## DATA FRAME

In [1]:
import numpy as np
import pandas as pd

The DataFrafme is the fundamental data structure in Pandas, It represents data in a tabulated, excel spreadsheet like format
A DataFrame is an ordered collection of columns, each of which can be a different value type (numeric, string or boolean). The DataFrame has both a rows and columns with respective index (ie. every both the rows and columns have indices).The index of the rows and columns could be labeled and its worthy to note that every column in a data frame is a series, so we can picture the dataFrame as a collection of series with shared index. 
Through this note we will explore different concepts about DataFrames under the following subsections:

+ Creating a Pandas DataFrame
+ Retrieving Labels and Data
+ Pandas DataFrame Size Attributes
+ Inspecting The DataFrame
+ Accessing and Modifying Data
+ Filtering Data

### Creating a Pandas DataFrame
There are different ways to create a DataFrame, but basically this is initiated with the ``pd.DataFrame`` function. the parameters to this function include

Parameter | Description
:- | :-
data | ndarray (structured or homogeneous), Iterable, dict, or DataFrame Dict can contain Series, arrays, constants, dataclass or list-like objects. 
index | Index or array-like Index to use for resulting frame. Will default to RangeIndex if no indexing information part of input data and no index provided.
columns | Index or array-like Column labels to use for resulting frame. Will default to RangeIndex (0, 1, 2, ..., n) if no column labels are provided.
dtype | dtype, default None Data type to force. Only a single dtype is allowed. If None, infer
copy |  Copy data from inputs
    
lets explore some basic methods to create a DataFrame 
1. Python dictionaries
2. lists of dictionary
3. List of List (Nested list)
4. Two-dimensional NumPy arrays
5. Series
4. Files

#### Python Dictionaries
The keys of the dictionary are the DataFrame’s column labels, and the dictionary values are the data values in the corresponding DataFrame columns. The values can be contained in a tuple, list, one-dimensional NumPy array, Pandas Series object, or one of several other data types. You can also provide a single value that will be copied along the entire column.
It’s possible to control the order of the columns with the columns parameter and the row labels with index:

In [2]:
# Creating DataFrame from Dictionary

d = {"key1":[10,20,30,40,50],
     "key2":[100,200,300,400,500],
     "key3":[1000,2000,3000,4000,5000],
     "key4":["A","B","C","D","E"],
     "Key5":50,
    }
pd.DataFrame(d)

Unnamed: 0,key1,key2,key3,key4,Key5
0,10,100,1000,A,50
1,20,200,2000,B,50
2,30,300,3000,C,50
3,40,400,4000,D,50
4,50,500,5000,E,50


#### List of Dictionary
Again, the dictionary keys are the column labels, and the dictionary values are the data values in the DataFrame.

In [3]:
lst_dict = [{"key1":100,"key2":"one","key3":0.1,"key4":"a"},
      {"key1":200,"key2":"two","key3":0.2,"key4":"b"},
      {"key1":300,"key2":"three","key3":0.3,"key4":"c"},
      {"key1":400,"key2":"four","key3":0.4,"key4":"d"}]

In [4]:
# Creating a DataFrame from a list of Dictionary
pd.DataFrame(lst_dict)

Unnamed: 0,key1,key2,key3,key4
0,100,one,0.1,a
1,200,two,0.2,b
2,300,three,0.3,c
3,400,four,0.4,d


#### List of List (Nested list)
You can also use a nested list, or a list of lists, as the data values. If you do, then it’s wise to explicitly specify the labels of columns, rows, or both when you create the DataFrame:

In [5]:
lst = [[1,10,100,1000],[2,20,200,2000],[3,30,300,3000]]

In [6]:
# Creating a DataFrame from a Nested list
pd.DataFrame(lst,columns=["ten","twenty","thirty","fourty"])

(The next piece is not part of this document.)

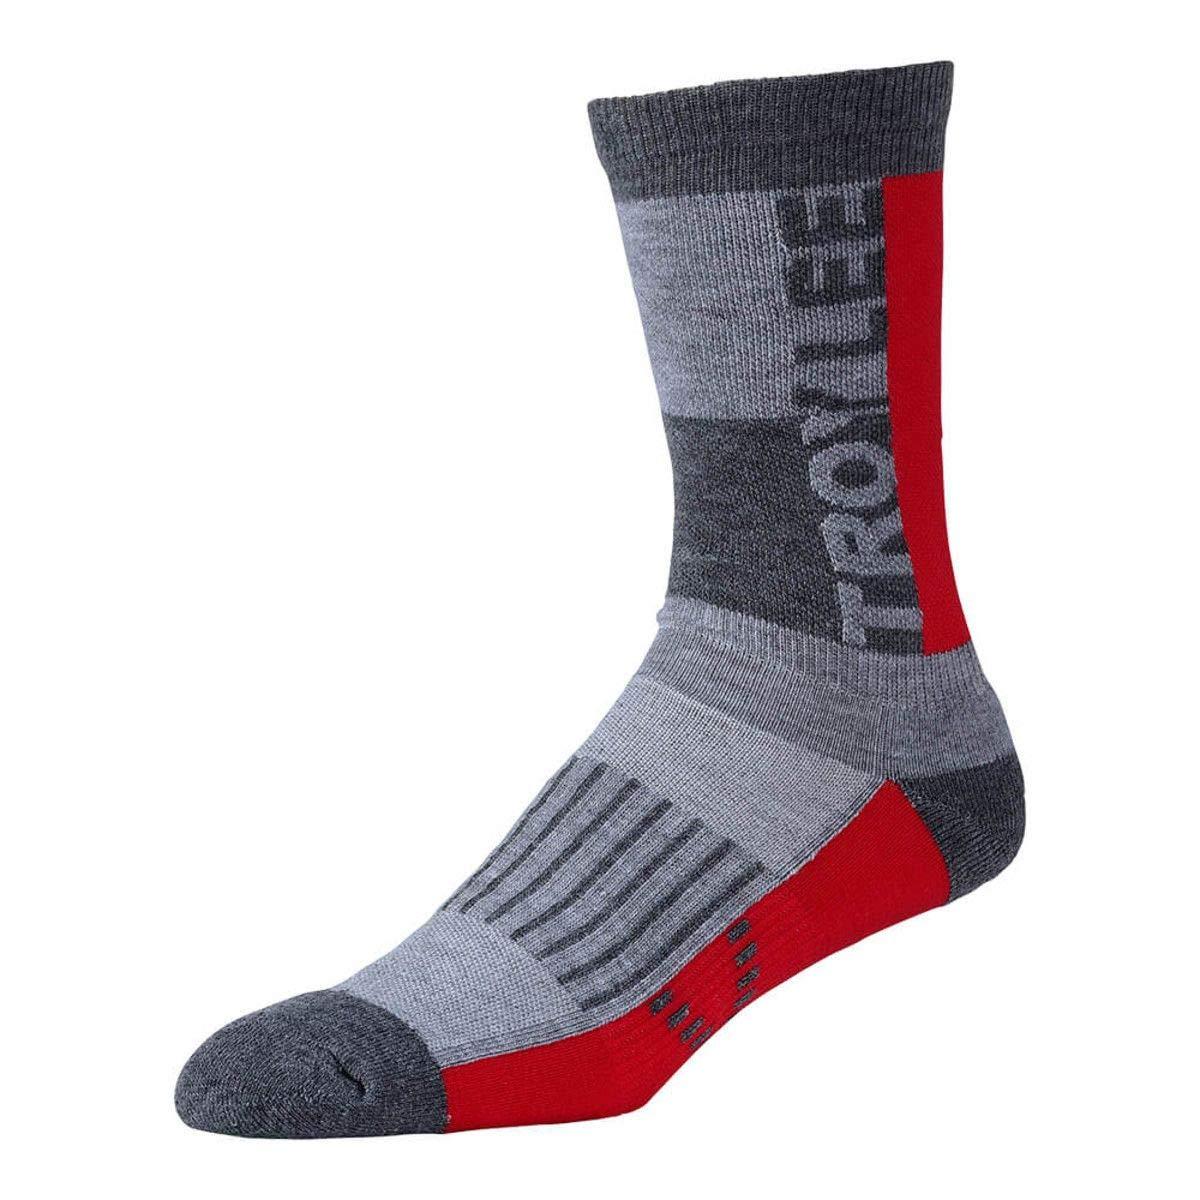 Troy Lee Designs Mens Performance Block Crew Socks

Unnamed: 0,ten,twenty,thirty,fourty
0,1,10,100,1000
1,2,20,200,2000
2,3,30,300,3000


#### Two-dimensional NumPy arrays
You can pass a two-dimensional NumPy array to the DataFrame constructor the same way you do with a list, and in this method you have to specify the columns.

In [7]:
arr = np.random.rand(3,5)

In [8]:
# Creating a DataFrame from a Two Dimensional NumPy  Array
pd.DataFrame(arr, index=["row1","row2","row3"], columns=["col1","col2","col3","col4","col5"])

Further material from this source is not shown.